Auftraggeber muss nicht für Mehrkosten aufgrund außergewöhnlich ungünstiger Witterungseinflüsse aufkommen
BGH 20.4.2017, VII ZR 194/13Die Beklagte hatte die Klägerin im September 2009 mit der Errichtung einer Autobahnbrücke für die Strecke zwischen Berlin und Dresden einschließlich der Rampen beauftragt. Als vorläufige Auftragssumme hatten die Parteien 984.978 € vereinbart. Sie bezogen u.a. die Besonderen Vertragsbedingungen der Beklagten und die VOB/B (2006) in den Vertrag ein. Die Bauausführung sollte spätestens Mitte Mai 2010 vollendet sein.
Im Januar und Februar 2010 gab es eine außergewöhnlich lange Frostperiode mit Eis und Schnee, die deutlich über den Durchschnittswerten der vergangenen 30 Jahre lag. Infolgedessen zeigte die Klägerin der Beklagten die witterungsbedingte Einstellung der Bauarbeiten an. Zur Begründung führte sie u.a. aus, dass die Weiterführung der Arbeiten auch aus Gründen der Arbeitssicherheit nicht möglich sei.
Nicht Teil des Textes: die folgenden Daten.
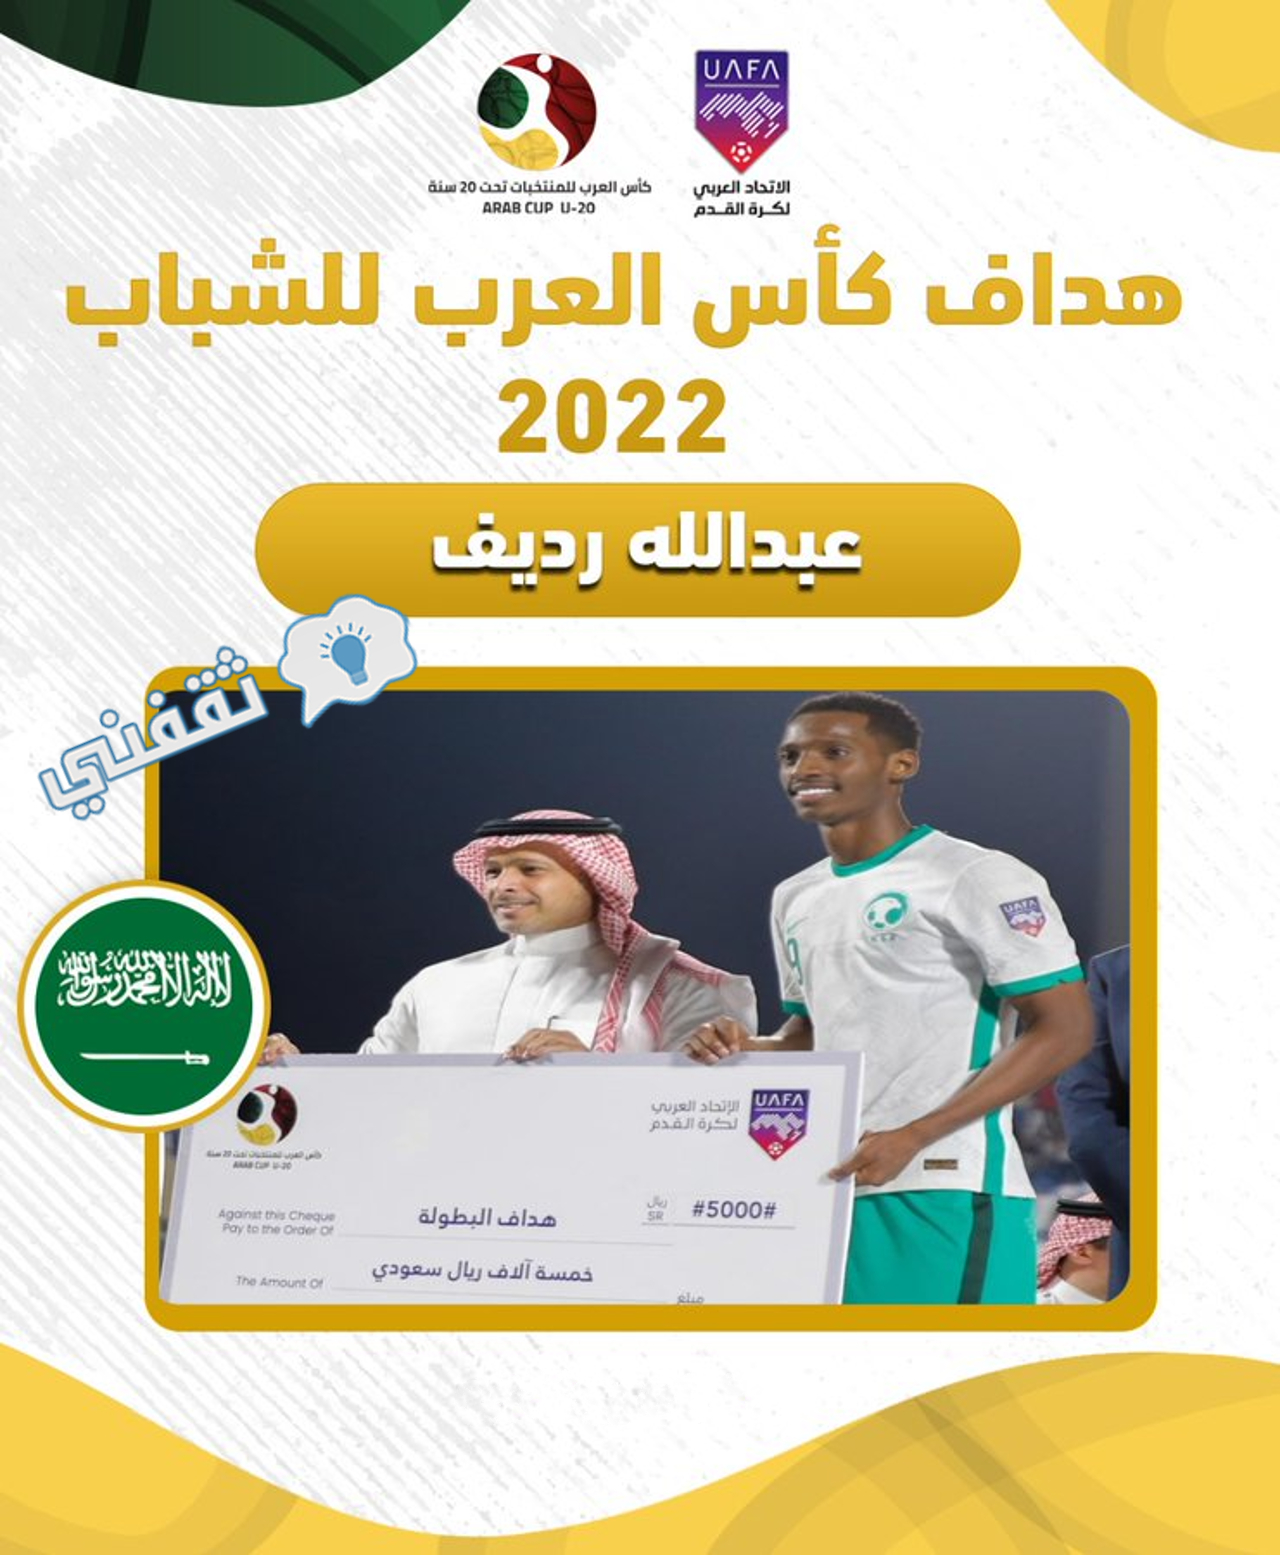 تتويج اللاعب السعودي عبدالله رديف بجائزة هداف بطولة كأس العرب للشباب 2022

Die Beklagte verlängerte die Ausführungsfrist um den Zeitraum des wittrungsbedingten Stillstandes zzgl. der Anlaufphase für die Wiederaufnahme der Bauarbeiten.
Im März 2010 nahm die Klägerin die Bauarbeiten wieder auf. Ein Nachtragsangebot der Klägerin, mit dem sie Kosten für Bauhilfsmittel, Baustelleneinrichtung, Baustellengemeinkosten, Verkehrssicherung, Personal sowie wegen Unterdeckung der Allgemeinen Geschäftskosten i.H.v. (zuletzt) 95.438 € brutto aufgrund der witterungsbedingten Verzögerung der Bauausführung geltend machte, lehnte die Beklagte ab. Mit der Klage verlangte die Klägerin Zahlung dieses Betrages. LG und OLG wiesen die Klage ab. Auch die Revision der Klägerin vor dem BGH blieb ohne Erfolg.
Gründe:
Das OLG hat zutreffend einen vertraglich geregelten Mehrvergütungsanspruch der Klägerin aufgrund der witterungsbedingten Verlängerung der Bauausführung verneint. Die Parteien hatten für den Fall, dass wegen außergewöhnlich ungünstiger Witterungseinflüsse eine Behinderung des Auftragnehmers vorliegt und eine Verlängerung der Ausführungsfristen gemäß § 6 Nr. 2 Abs. 1c), Nr. 1 VOB/B erfolgt, keine Anpassung des Vergütungsanspruchs vereinbart. Ein Mehrvergütungsanspruch ergab sich mangels Anordnung der Beklagten auch nicht aus § 2 Nr. 5 oder 6 VOB/B.
Das Berufungsgericht hatte auf der Grundlage seiner Feststellungen im Ergebnis zu Recht einen Anspruch der Klägerin auf angemessene Entschädigung gem. § 6 Nr. 6 S. 2 VOB/B i.V.m. § 642 BGB verneint. Es ist vorbehaltlich abweichender Vereinbarungen keine dem Auftraggeber obliegende erforderliche Mitwirkungshandlung i.S.d. § 642 BGB, während der Dauer des Herstellungsprozesses außergewöhnlich ungünstige Witterungseinflüsse auf das Baugrundstück in Form von Frost, Eis und Schnee, mit denen nicht gerechnet werden musste, abzuwehren. Es verbot sich die Annahme, eine Mitwirkungshandlung der Beklagten ergebe sich im Wege der Auslegung auch ohne ausdrückliche Regelung konkludent aus dem Vertrag. Eine darüber hinausgehende allgemeine Risikozuweisung zu Lasten des Auftraggebers betreffend außergewöhnlich ungünstige Witterungseinflüsse auf das zur Verfügung zu stellende Baugrundstück, mit denen nicht gerechnet werden musste, ergibt sich weder aus dem Vertrag noch aus dem Gesetz.
Ein Anspruch der Klägerin ergab sich auch nicht im Wege der ergänzenden Vertragsauslegung, da der Vertrag keine planwidrige Regelungslücke aufwies. Letztlich konnte ein Anspruch der Klägerin auch nicht auf die Grundsätze über den Wegfall der Geschäftsgrundlage gem. § 313 BGB gestützt werden. Besondere Umstände, die neben den mit der Verlängerung der Ausführungszeit üblicherweise verbundenen finanziellen Nachteilen für den Auftragnehmer dazu führen, dass das nach dem Vertrag zugewiesene Risiko überschritten und ein Festhalten am unveränderten Vertrag nicht zumutbar ist, waren weder festgestellt noch erkennbar.